There are times when police cross the lines, exceeding their authority. For example, if you were arrested based on a false testimony given by some known unreliable source or because of your ethnicity or skin color, you have the right to file a lawsuit against the officer for a civil rights violation. Police brutality attorneys can help you identify your rights and file lawsuits against the officer(s) involved. You can even bring additional charges against a fellow officer who witnessed and failed to intervene or stop your illegal arrest.

Most police brutality cases are based on excessive force. If the officer had good intentions when restraining you, he/she won’t cause any unwarranted and/or serious bodily harm, including death, especially when you are posing no danger. Your police brutality attorney therefore needs to investigate whether or not the officers used unreasonable and excessive force to prove that your civil rights have been violated. This involves getting a few credible witnesses who can give testimony against the officer(s) who prove that your civil rights have been violated repeatedly.

You can bring a police brutality or harassment complaint under Section 1983, Title 42 of the United States Code. Under this act, it is illegal for any person “acting under the color or authority of state law to deprive” a citizen of his/her privileges, civil rights and immunities under the federal law or the U.S. Constitution.
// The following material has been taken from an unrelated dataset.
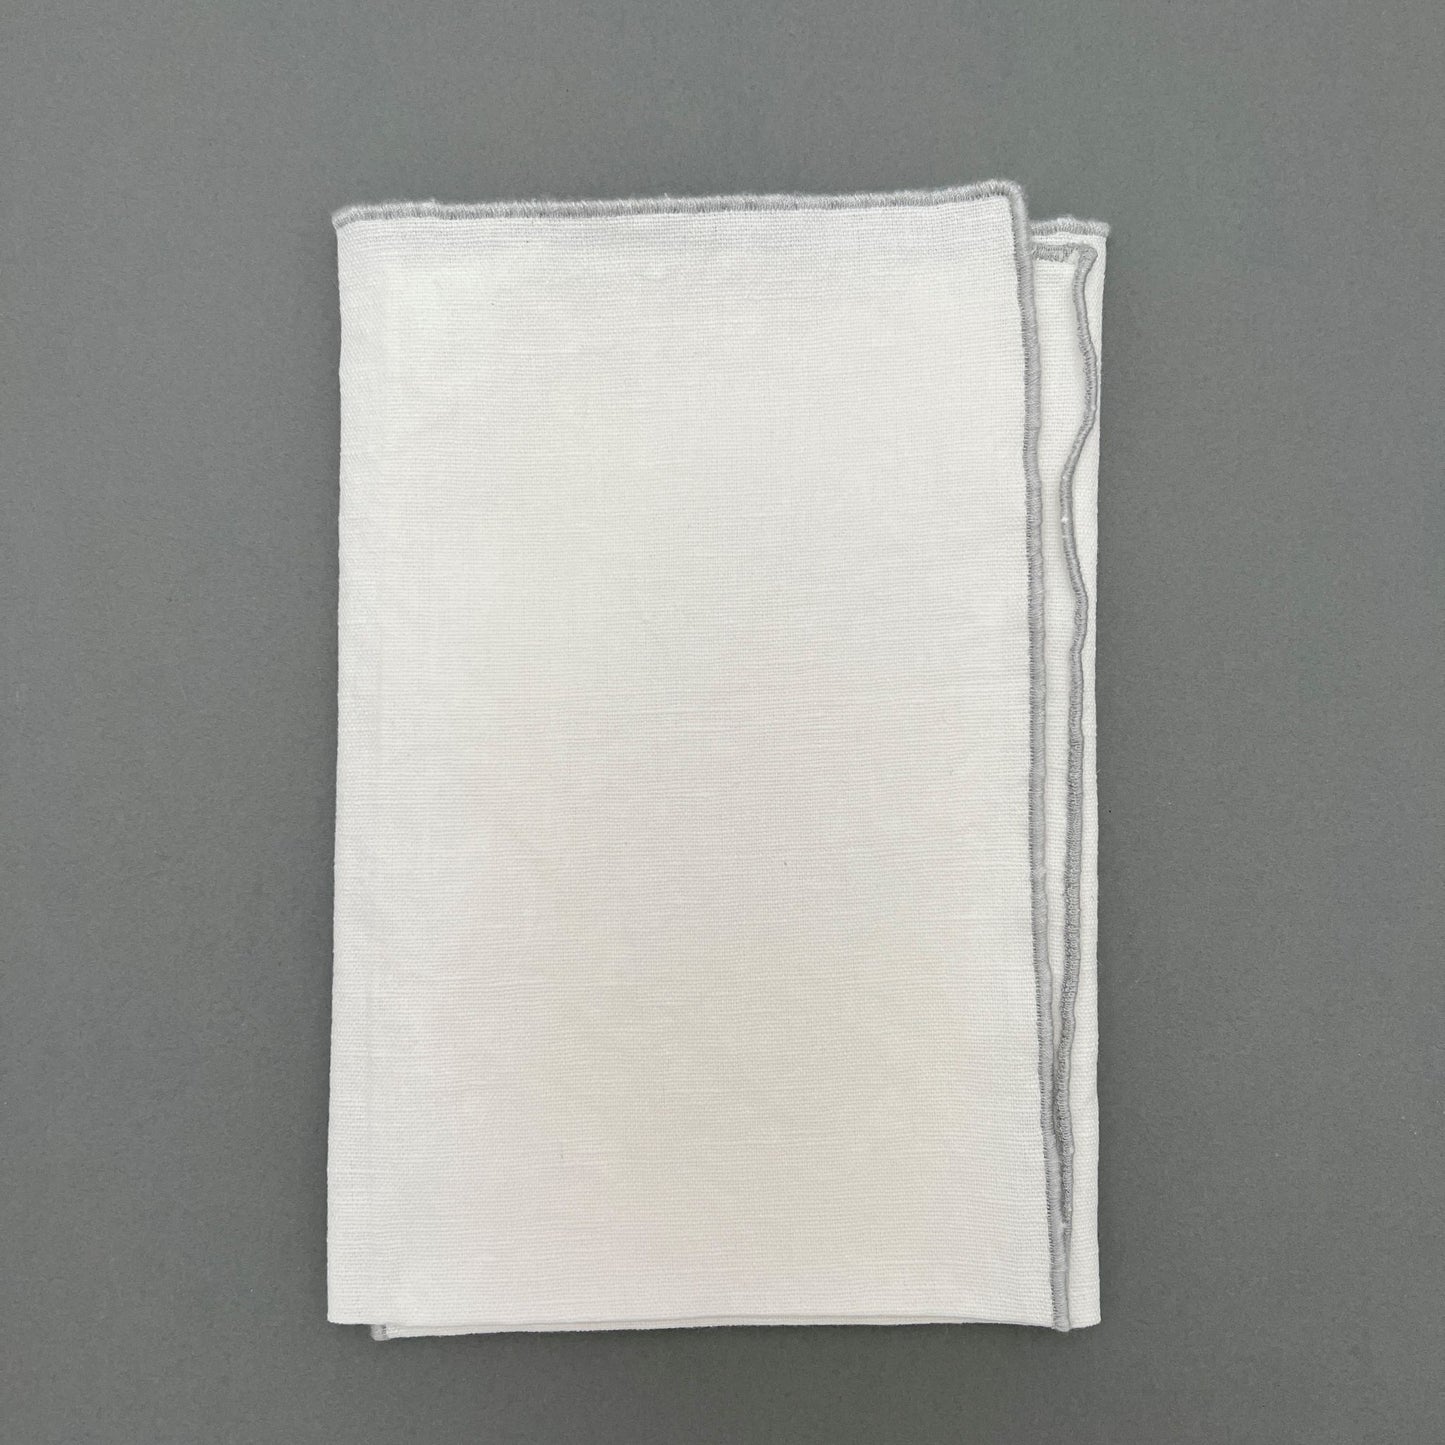 A folded white napkin with a gray sewn outline laying on a gray background

If it is a case of racial profiling, your police brutality attorney needs to obtain records and evidence demonstrating the officer in question/the local government follows a systematic policy to target minorities by violating their rights. However, you cannot sue a state. What you can do is bring a “1983 action” against the police chief as well as the local government along with the particular police officer(s). You can even bring a class action lawsuit, representing more than one victim of police abuse.

If You are Affected

If you or anyone you know have been affected by police misconduct, the first thing you need to do is contact a civil rights or police brutality attorney. Remember that civil rights claims are an essential part of the U.S. legal system; however, they are often difficult to prove. In most cases, police officers are immune from lawsuit and it is rather expensive to bring claims against police departments.
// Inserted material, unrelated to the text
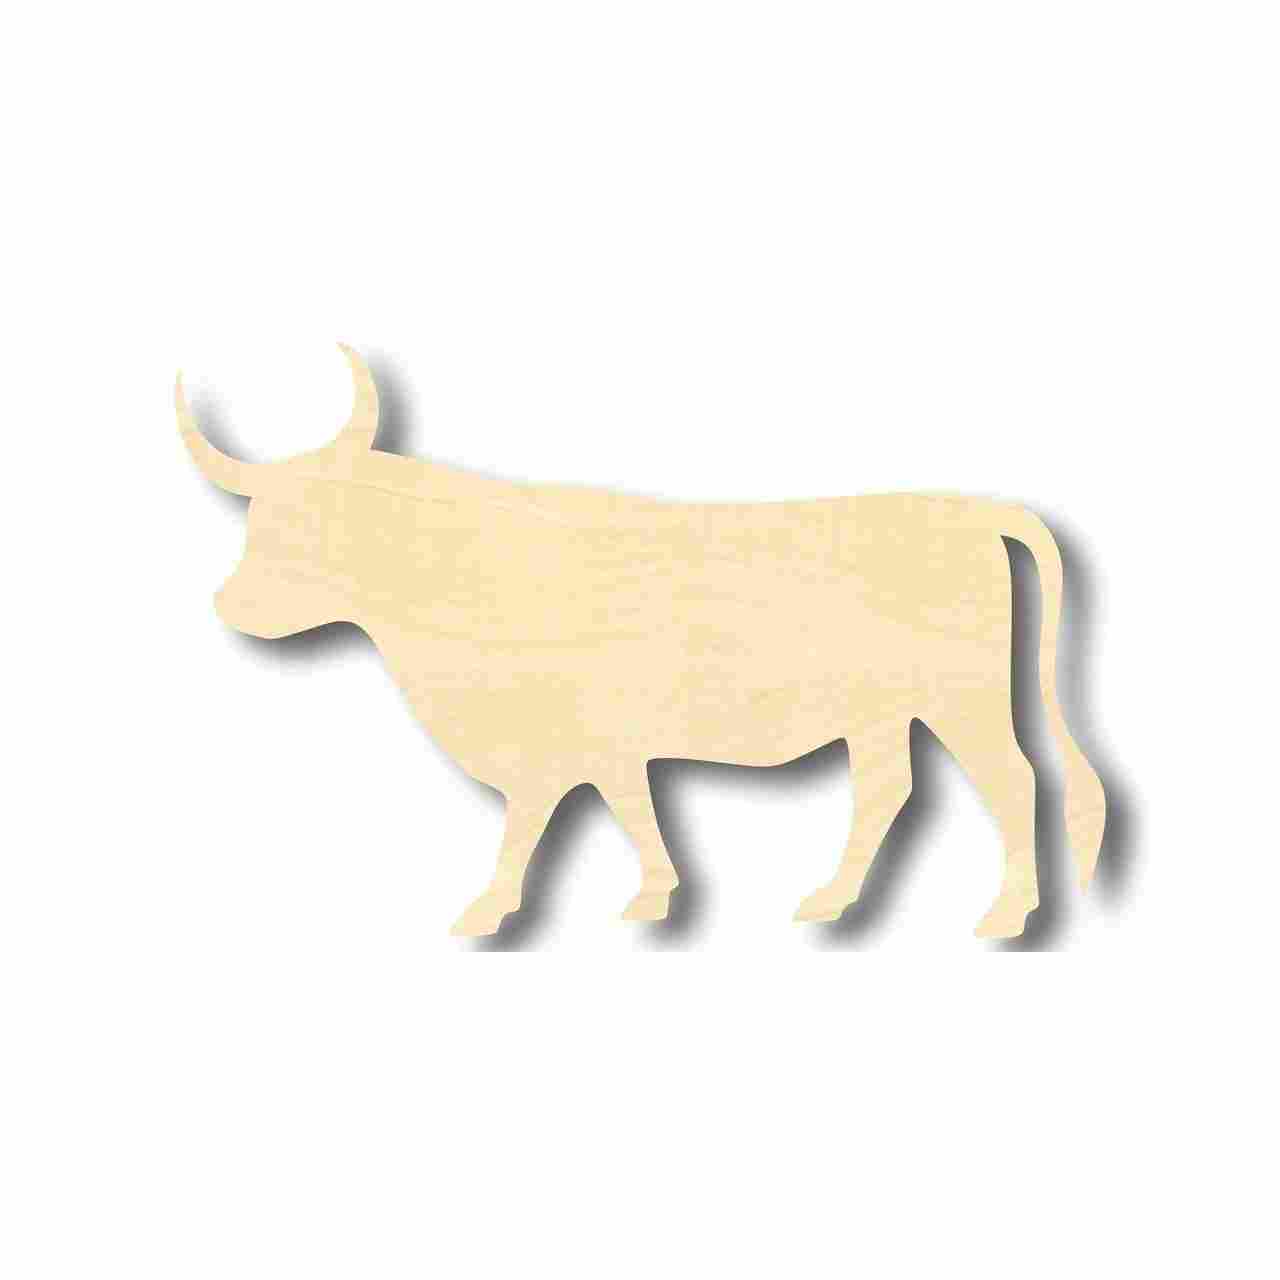 Unfinished Wooden Bull Shape - Animal - Craft - up to 24

Here’s how you need to sue the police for brutality or harassment:
  • Secure as much evidence as you can such as records of the pattern of this behavior, statements of other police officers, statements of witnesses, and other documentation that can prove the misconduct.

  • In case of false arrest claims, provide evidence that the police did not have sufficient evidence or probable cause to warrant the arrest

  • For excessive force claims, preserve pictorial evidence of your injuries, store clothing and other objects torn or damaged by police or stained with blood. In case the excessive force caused death of a loved one, get all of your paperwork ready to support your claim.
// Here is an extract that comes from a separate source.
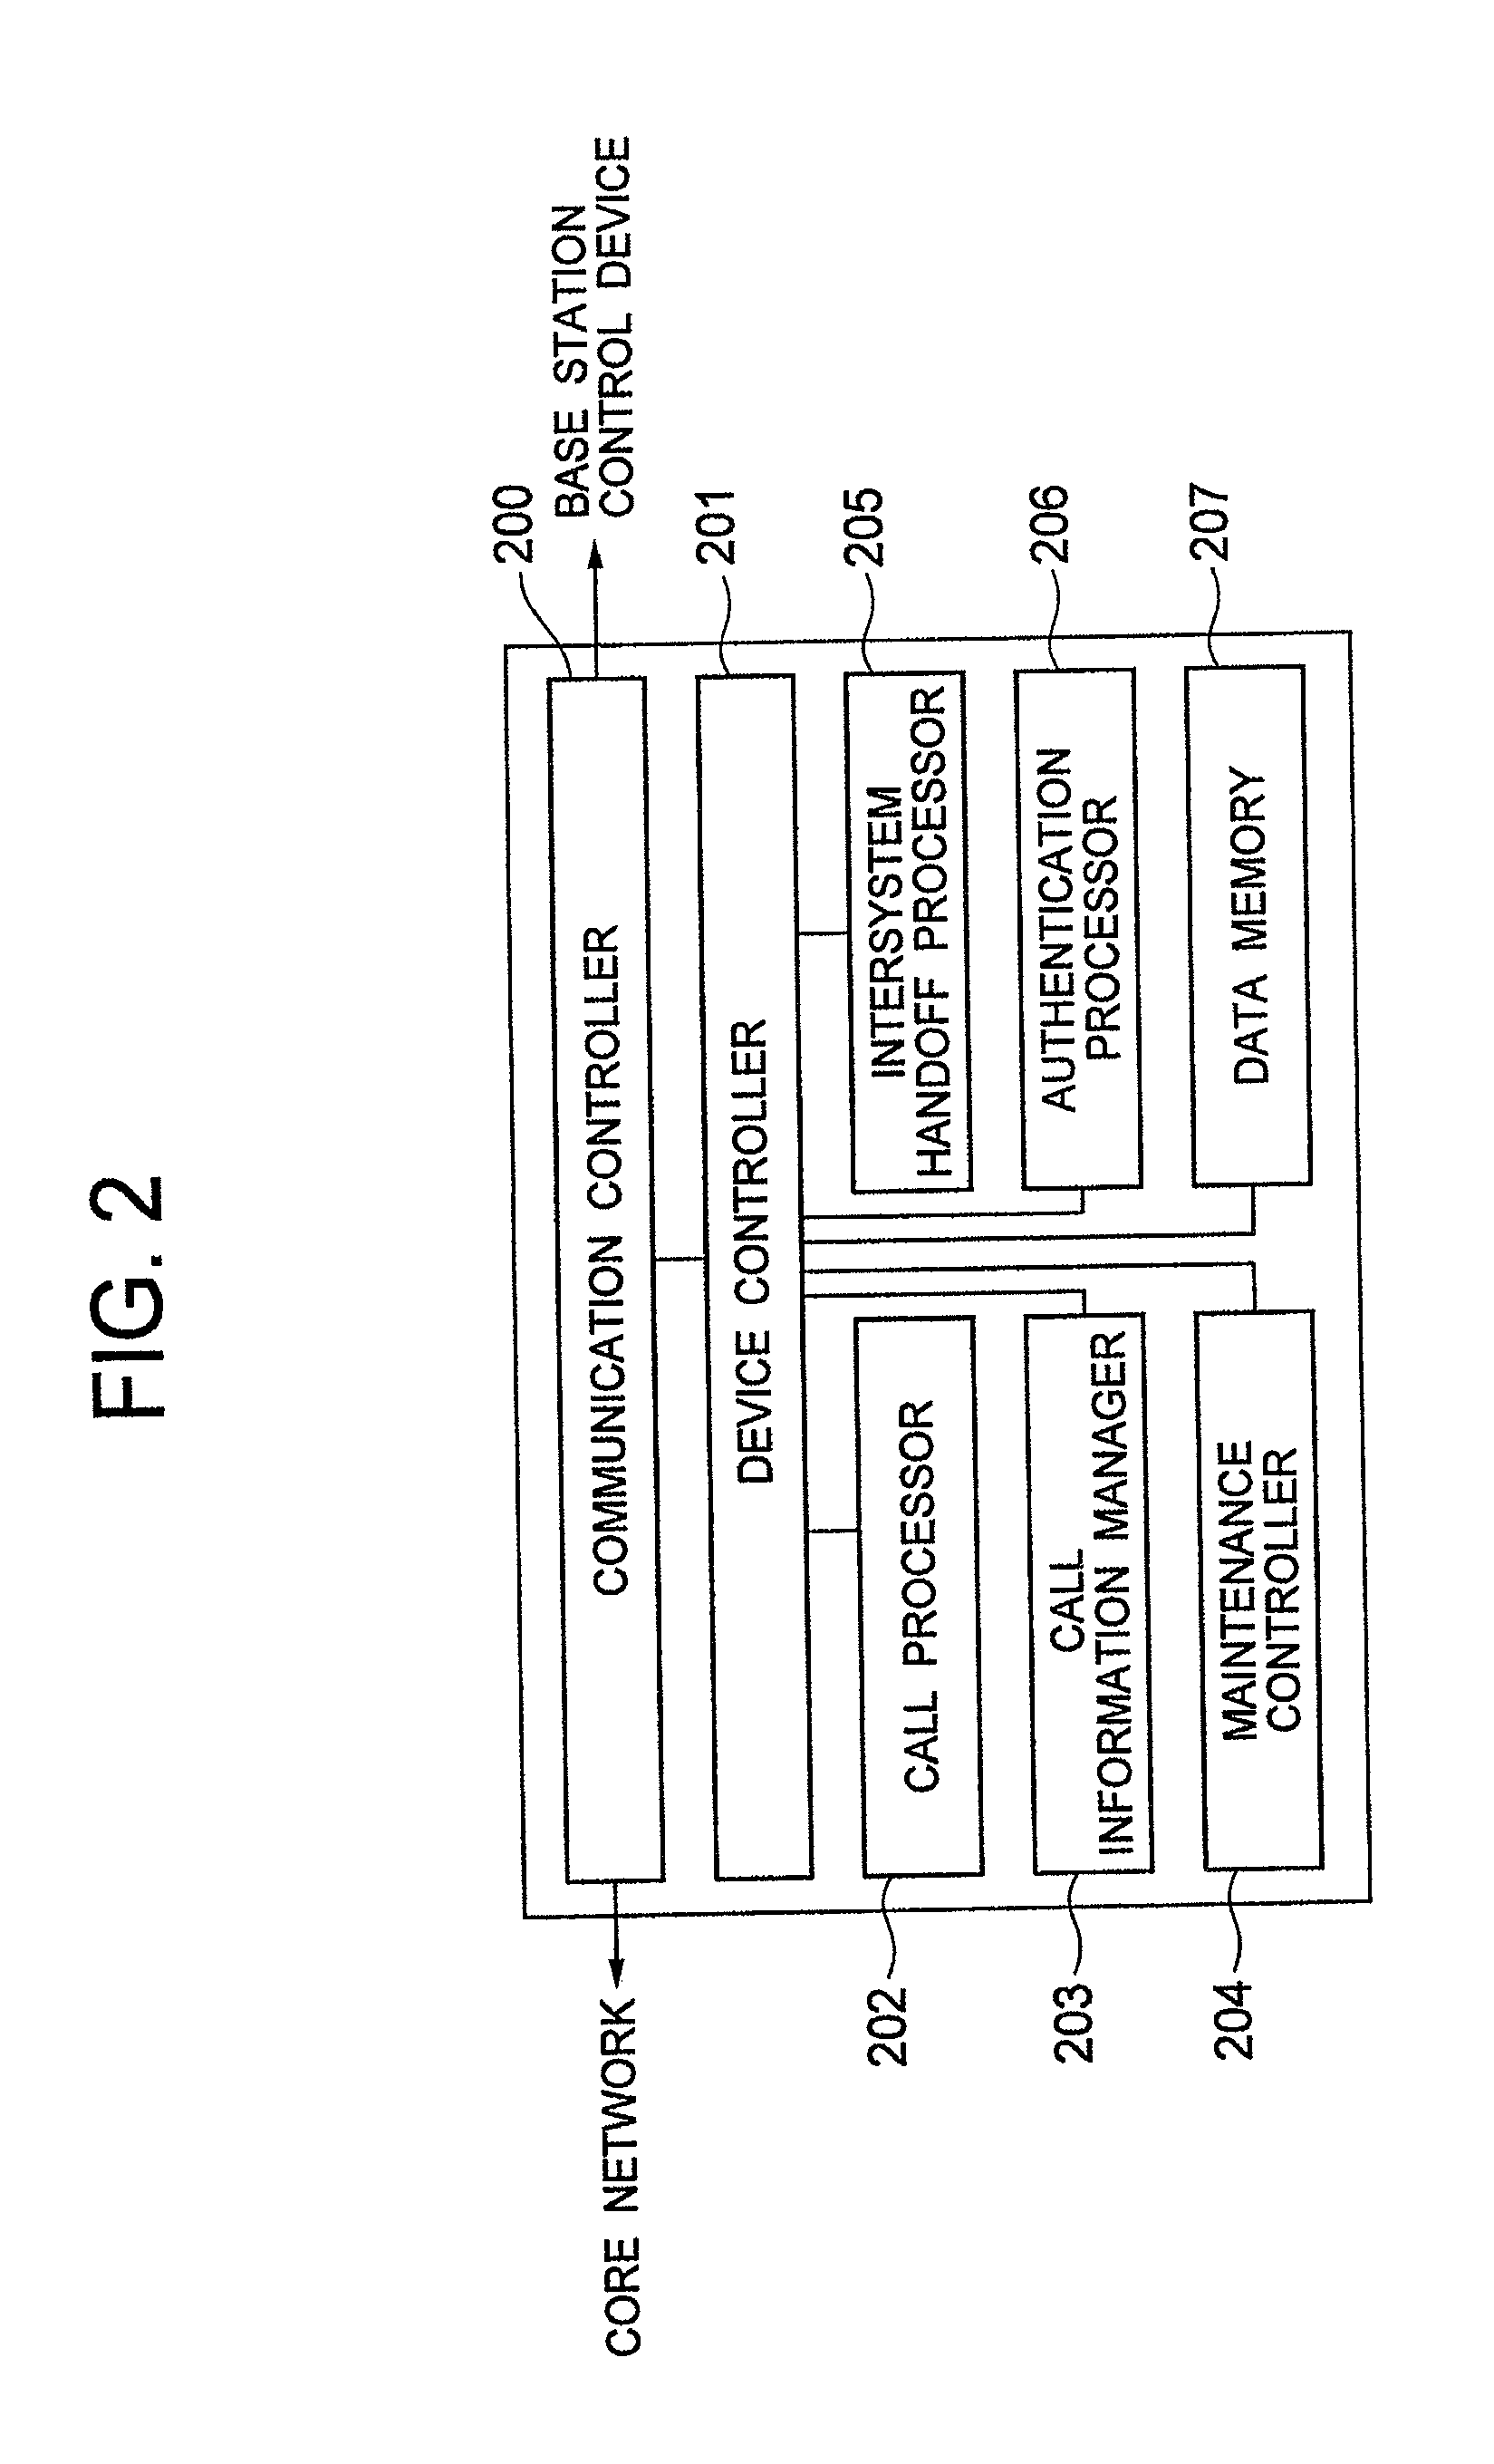 Handoff method between different systems and wireless terminal

  • Another best practice is to write everything down before you forget important details.

Finally, file complaints with the United States Department of Justice, the United States Attorney General's office, and the police department involved under the guidance of your attorney since these are tricky and complicated litigations.


While police abuse is a serious issue in the U.S., the situation is not hopeless. But you need to have realistic expectations when fighting police abuse. What is important here is to know your rights and take proper action as most abusive officers practices prevail because they believe no one will dare to question them. Simply raise a question, highlight the problem, and bring it in front of public scrutiny. Let them be examined by the public, politicians, and media. The simple act of raising your voice has so powerful effect that it can often lead to reform.